Jeffrey Olson was sentenced to prison after pleading guilty to a charge of wire
fraud. Because his commission of that offense constituted a violation of the supervised
release conditions imposed upon him as a result of separate mail fraud and tax evasion
convictions, the District Court sentenced him to an additional term of imprisonment to
run consecutively to the sentence for the underlying wire fraud offense. Olson now
appeals from the District Court‟s judgments of conviction (Appeal No. 13-1654) and
revocation (Appeal No. 13-1655). His counsel has moved to withdraw under Anders v.
California, 386 U.S. 738 (1967). For the reasons that follow, we will grant counsel‟s
motion to withdraw and affirm the judgments of conviction and revocation.
I.
As we write principally for the benefit of the parties, we recite only the essential
facts and procedural history.

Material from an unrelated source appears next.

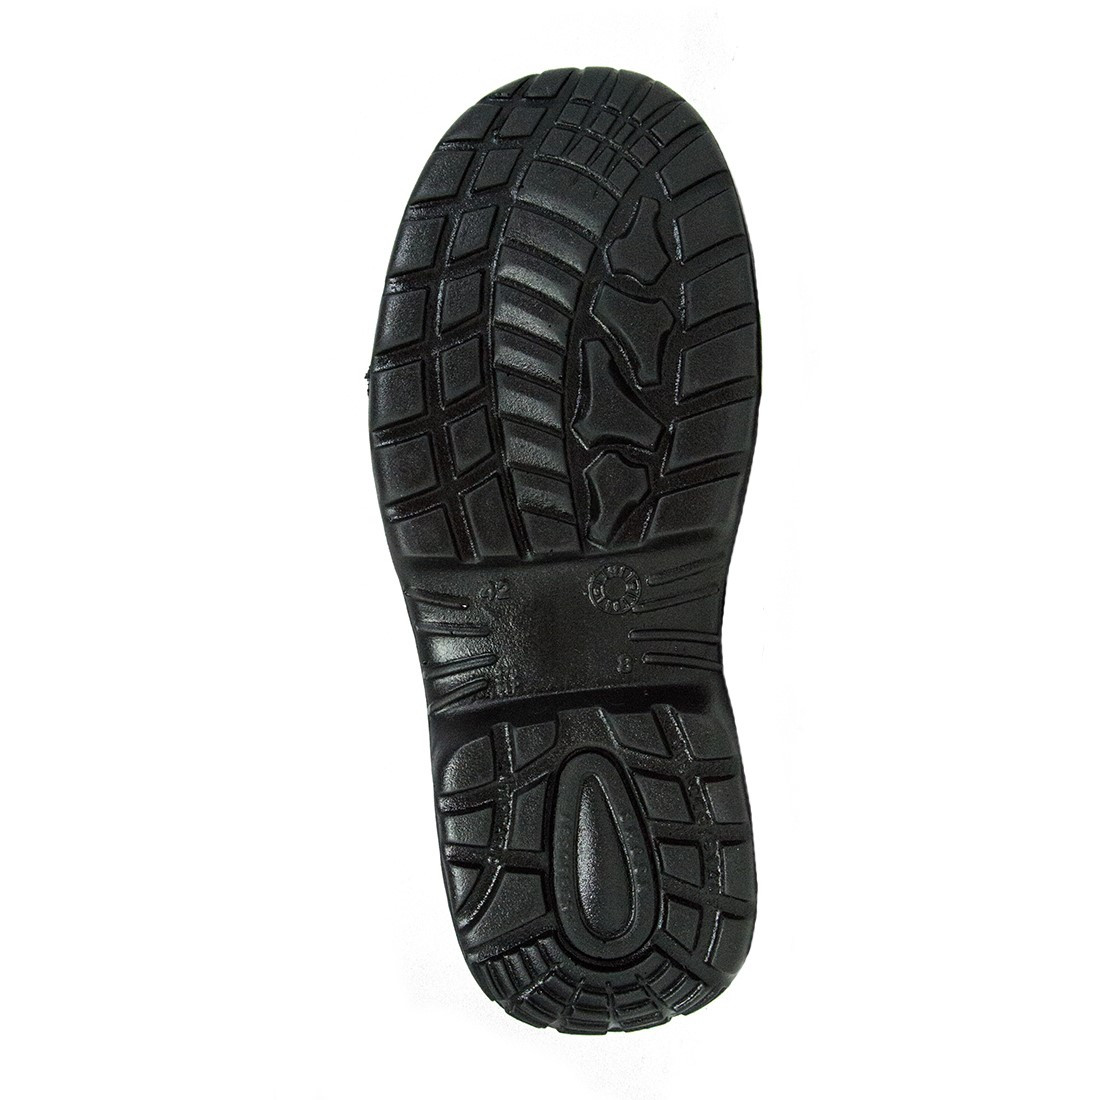 Garribaldi Shoe S1P SRC - Les chaussures de protection

While serving his 87-month prison term for the mail fraud
and tax evasion charges, and during the three-year term of supervised release, Olson
solicited investments totaling $2.8 million from an online paramour and other
individuals, which investments Olson instead used for his personal benefit.
A grand jury returned a one-count indictment against Olson, charging him with
wire fraud in violation of 18 U.S.C. § 1343, and the United States Probation Office filed a
petition to revoke Olson‟s supervised release.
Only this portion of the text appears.